I focused back on my textbook, pulling phrases I could cite for my paper proposal. “What I wouldn’t give for some good internet.”

“Why didn’t you say something?” Penna asked. “Grab my laptop.”

“You have internet out here? I thought it was impossible.”

“Nothing’s impossible when you throw enough resources at it,” she said. “Seriously, do you need it?”

I looked down at my nearly finished proposal. “I think I’m good, but thank you. I might need it later.”

“Just don’t tell your mom that you have it,” Leah suggested.

Guilt hit me like a Mack truck. “I was supposed to call from Sri Lanka.”

“I think she’ll understand,” Penna answered.

“You don’t know her mother,” Leah rebutted.

“True. She’s a little…protective.”

Leah laughed, then clapped her hand over her mouth. “I’m sorry.”

“Don’t be. You know how she gets. The only reason they even ‘allowed’”—I used air quotes—“me to come on this was because they knew you’d be here, and they hoped you’d keep me in line.”

“Yeah, because I have so much control over you,” she said, flipping another page in her book.

“Well, I sure as hell didn’t tell them you’d hooked up with Wilder. That would have earned me a strict demand to get my ass home. Hell, if they so much as sniffed Landon around me, they’d probably be in India waiting for us to dock.”

“They have good reason to hate him,” Penna answered. “From the parent point of view, of course.”

“That’s not going to stop you from coming on the Everest trip, right?” Leah asked.

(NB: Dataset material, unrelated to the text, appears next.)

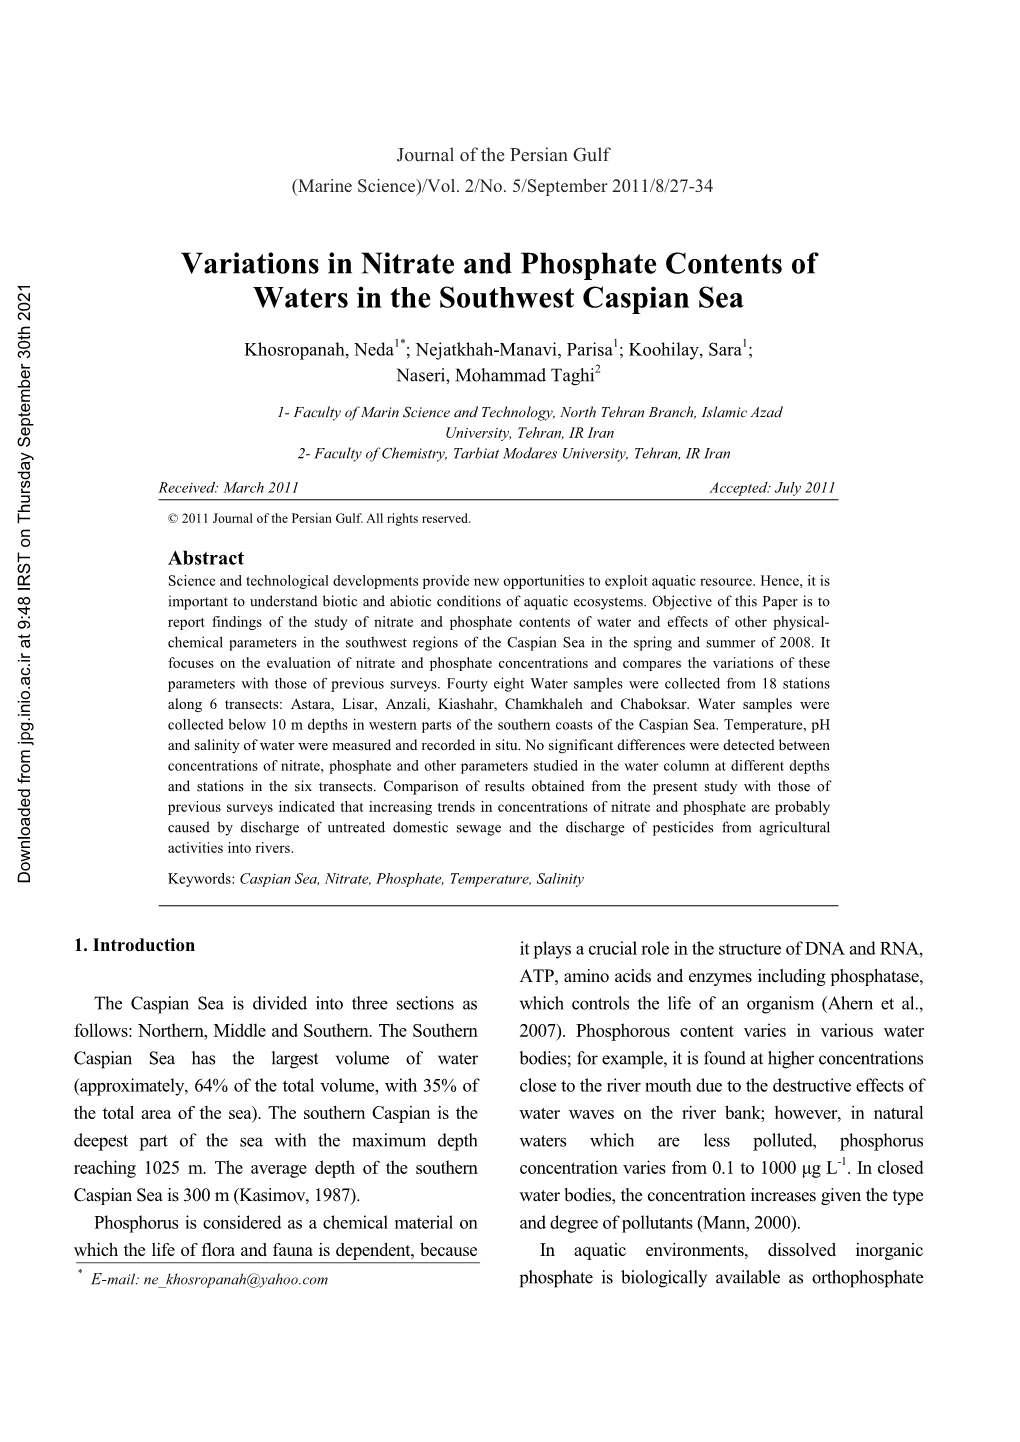 Variations in Nitrate and Phosphate Contents of Waters in the Southwest Caspian Sea

I groaned. “Leah, as much as I would love to go with you, that’s over a week with him. There’s a bunch of other optional shore excursions that—”

“Wouldn’t be as much fun!” she argued. “Seriously. Pax promised we’d spend one day at the Taj Mahal before flying to Nepal, and that isn’t on any shore excursion. You only get that if you come with the Renegades.”

“How did you convince him to do that? It’s an entire plane ride out of the way.”

“I mentioned wanting to do my research paper on it, and he said he’d make it happen if I agreed to freeze my butt off with him in Nepal.”

“It’s a Renegade-only trip,” I argued.

Leah gave me the you’re-being-stupid face. “Landon wants you there.”